• _TASK ITEM_:
Below are entries; repeat exactly, and nothing else, the lines from the one holding "Pánské tričko pro" through the one holding "Dovetail Workwear (W)", inclusive. Leave the pictures out.
** MATERIAL TO PROCESS follows **
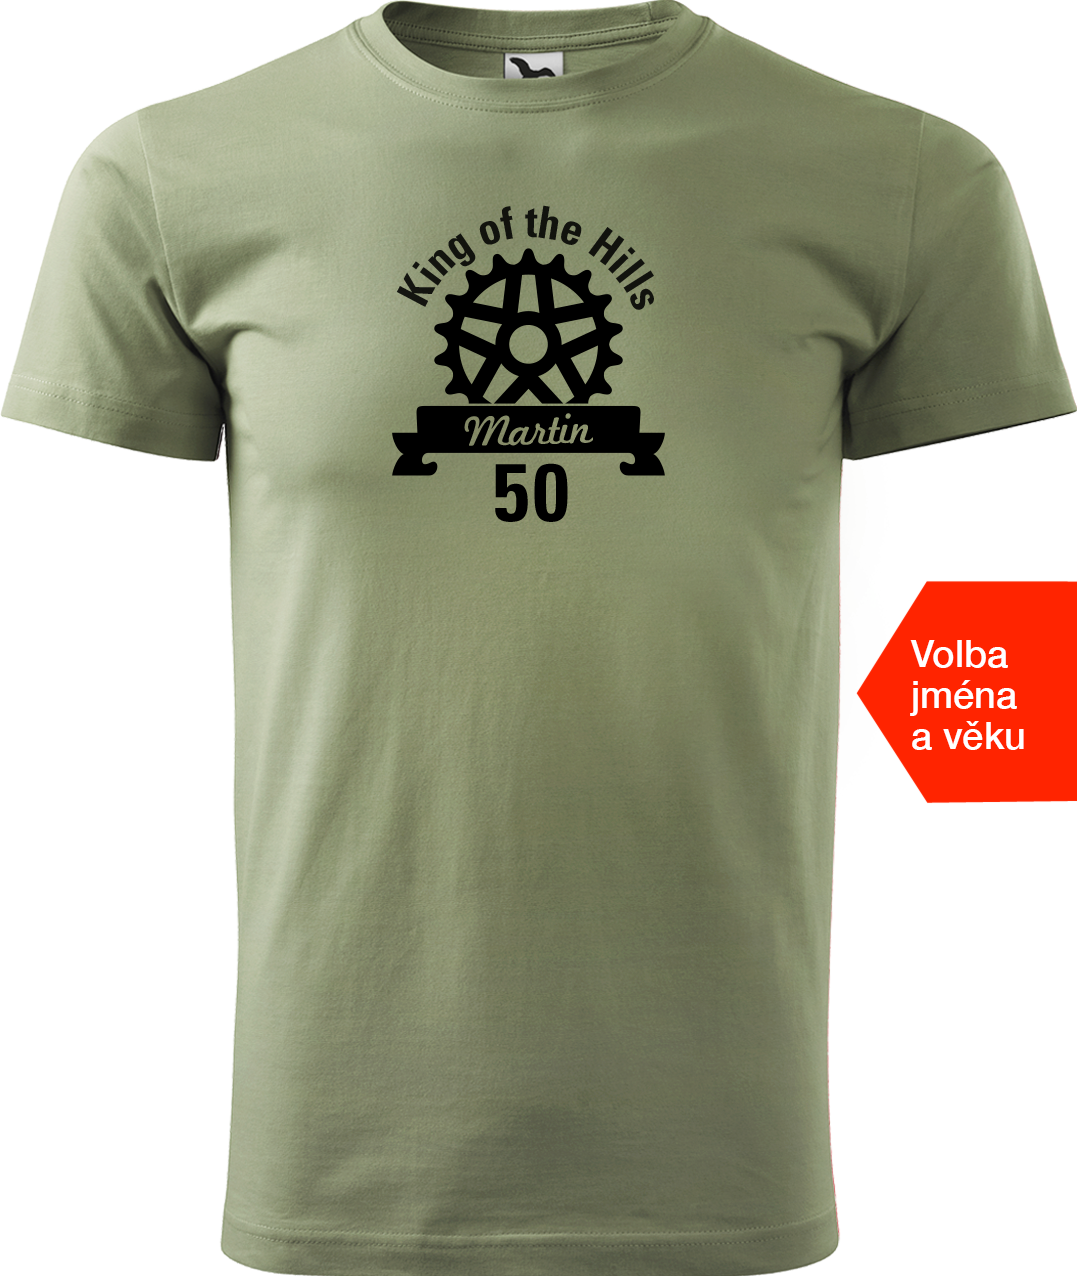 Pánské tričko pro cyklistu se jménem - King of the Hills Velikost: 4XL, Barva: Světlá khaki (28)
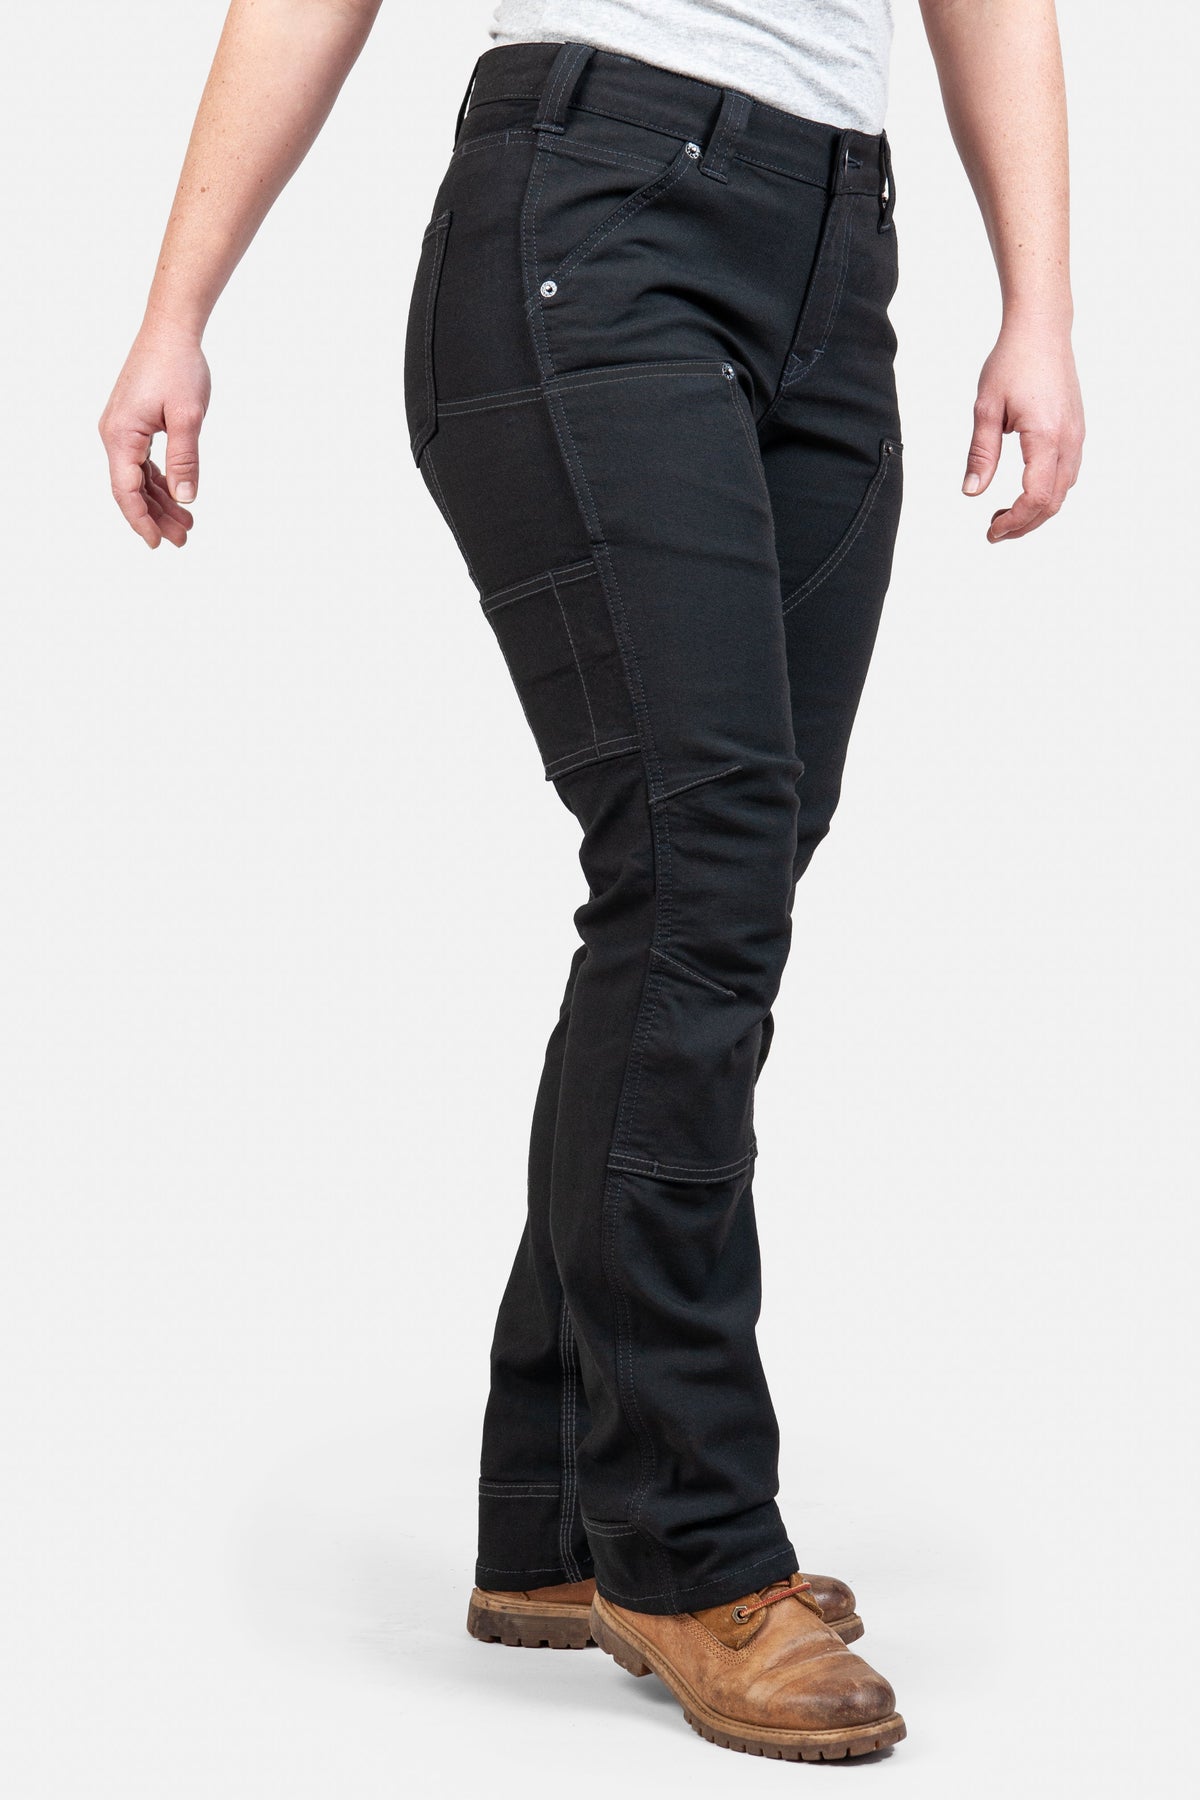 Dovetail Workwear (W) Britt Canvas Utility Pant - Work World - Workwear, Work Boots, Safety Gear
** End of MATERIAL TO PROCESS **
** MATERIAL TO PROCESS follows **
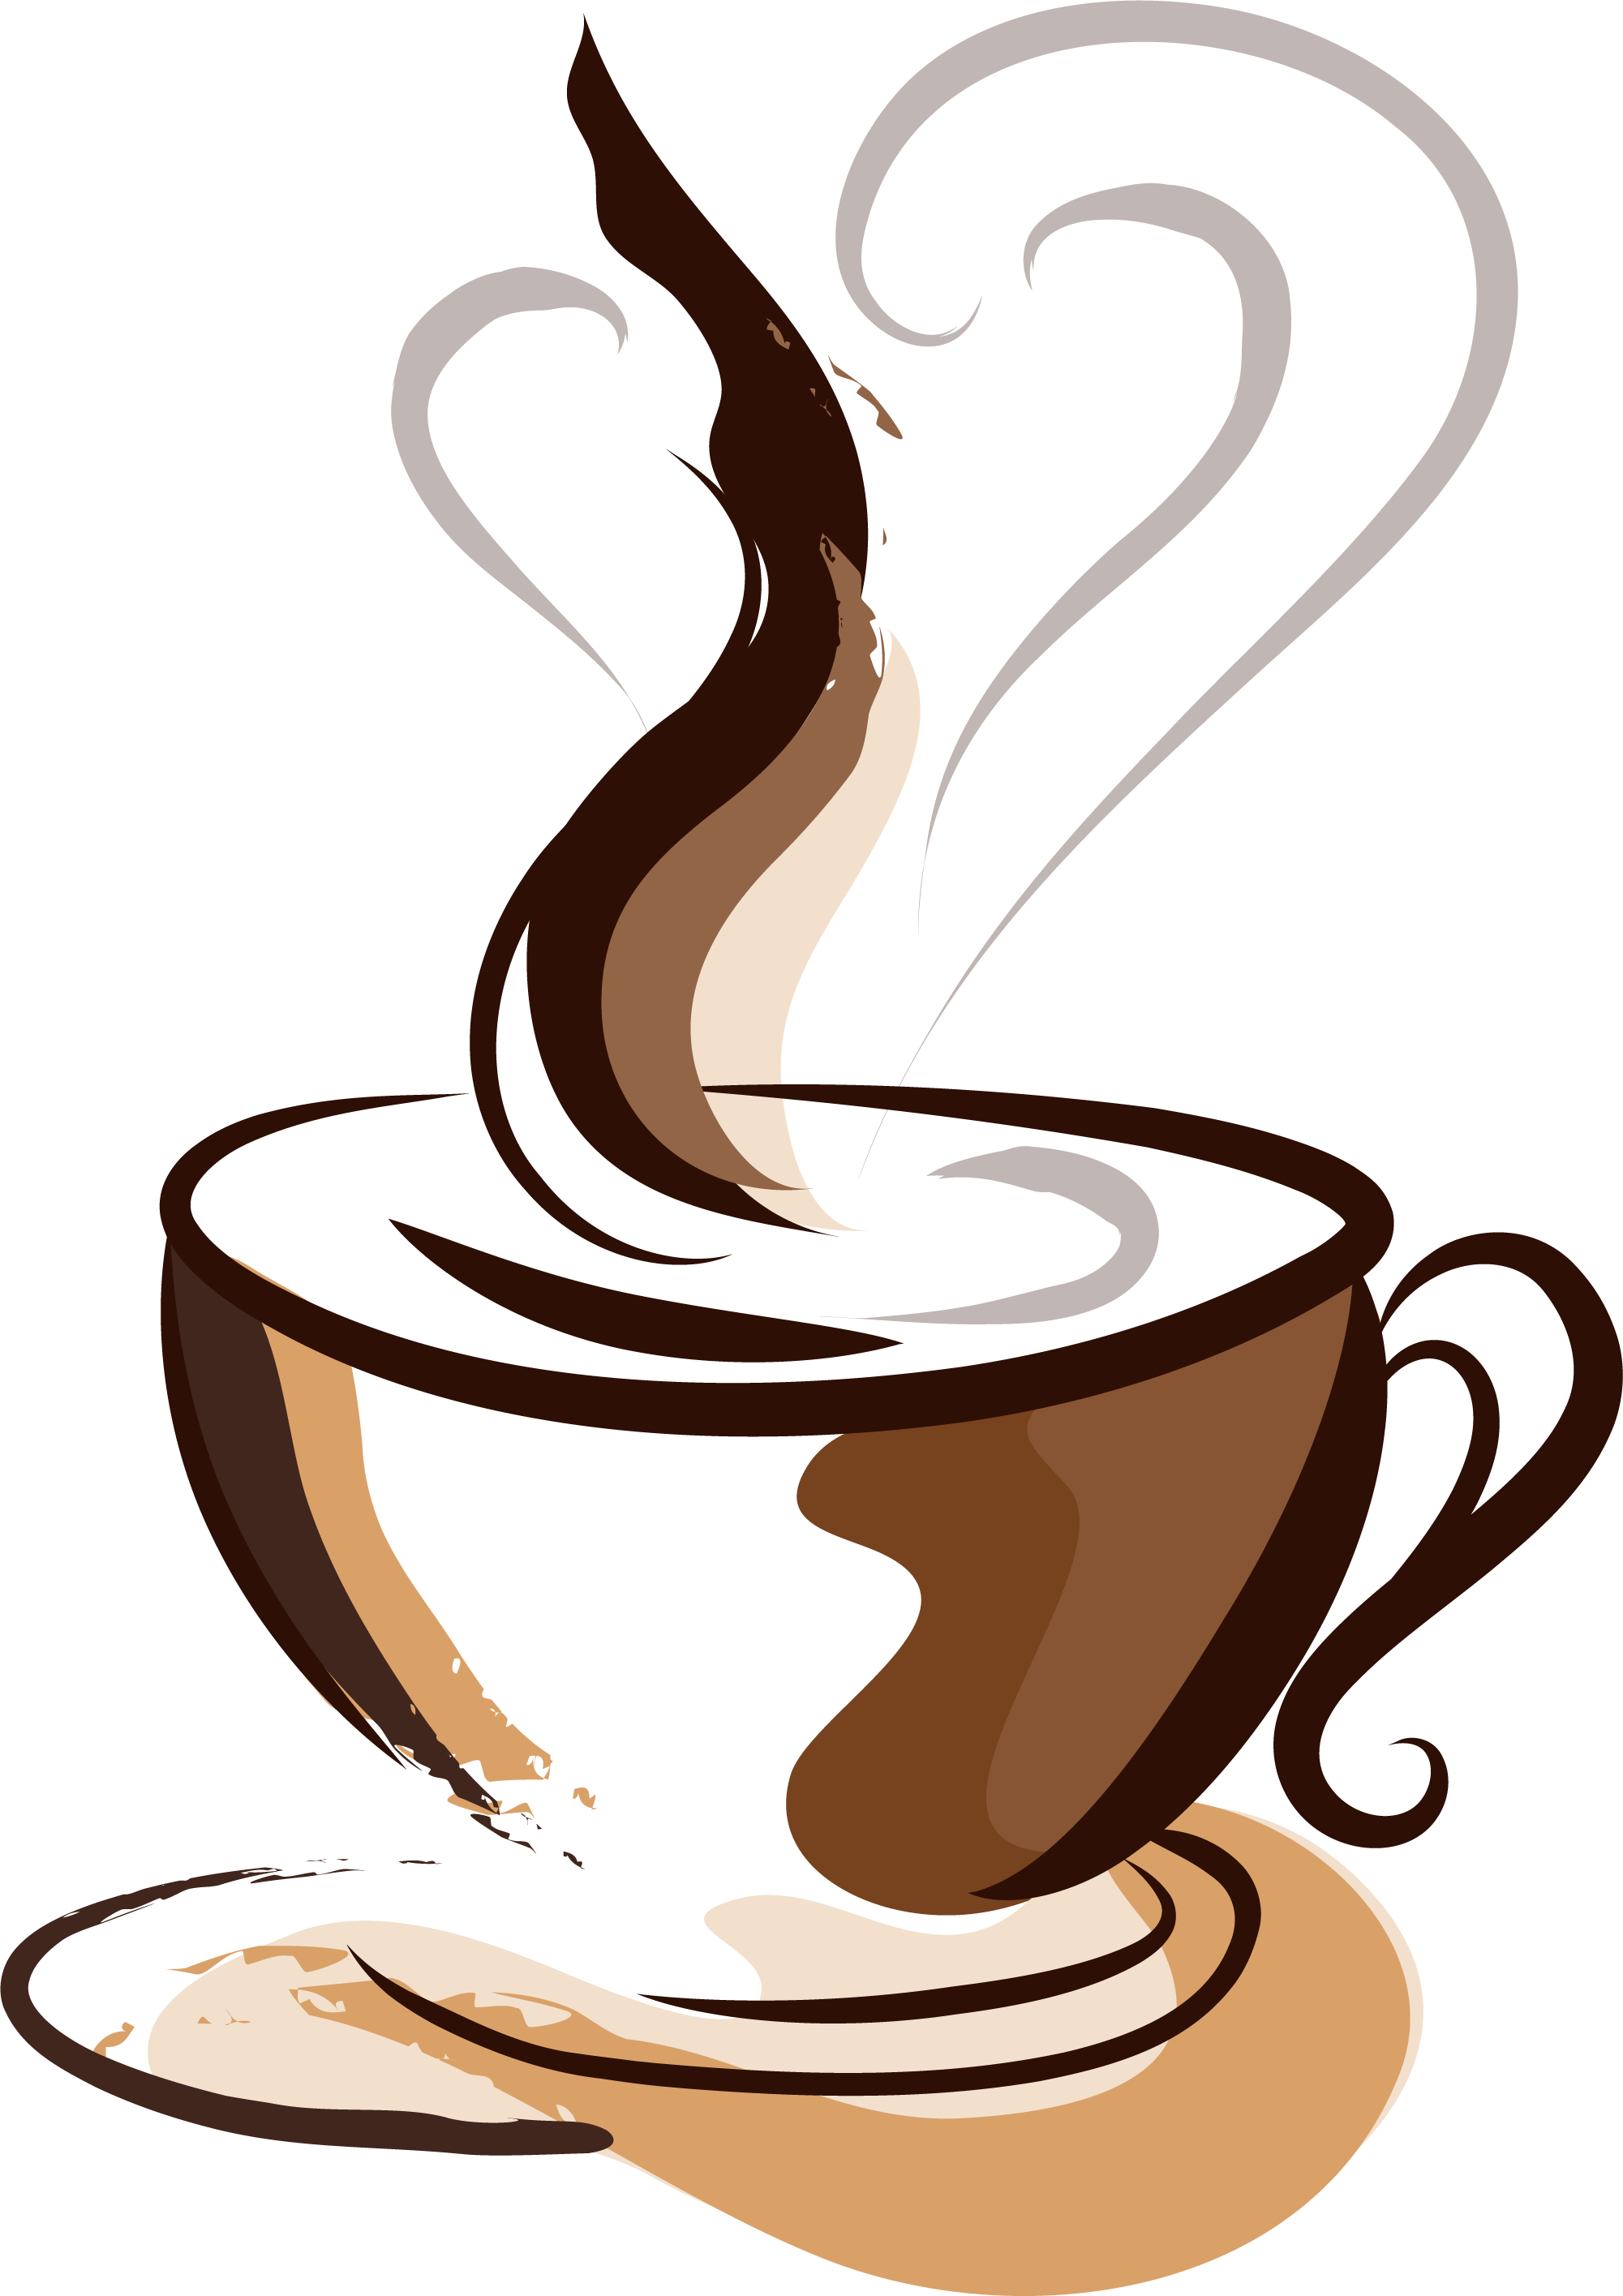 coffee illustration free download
** End of MATERIAL TO PROCESS **
• _ANSWER_:
 Pánské tričko pro cyklistu se jménem - King of the Hills Velikost: 4XL, Barva: Světlá khaki (28)
 Dovetail Workwear (W) Britt Canvas Utility Pant - Work World - Workwear, Work Boots, Safety Gear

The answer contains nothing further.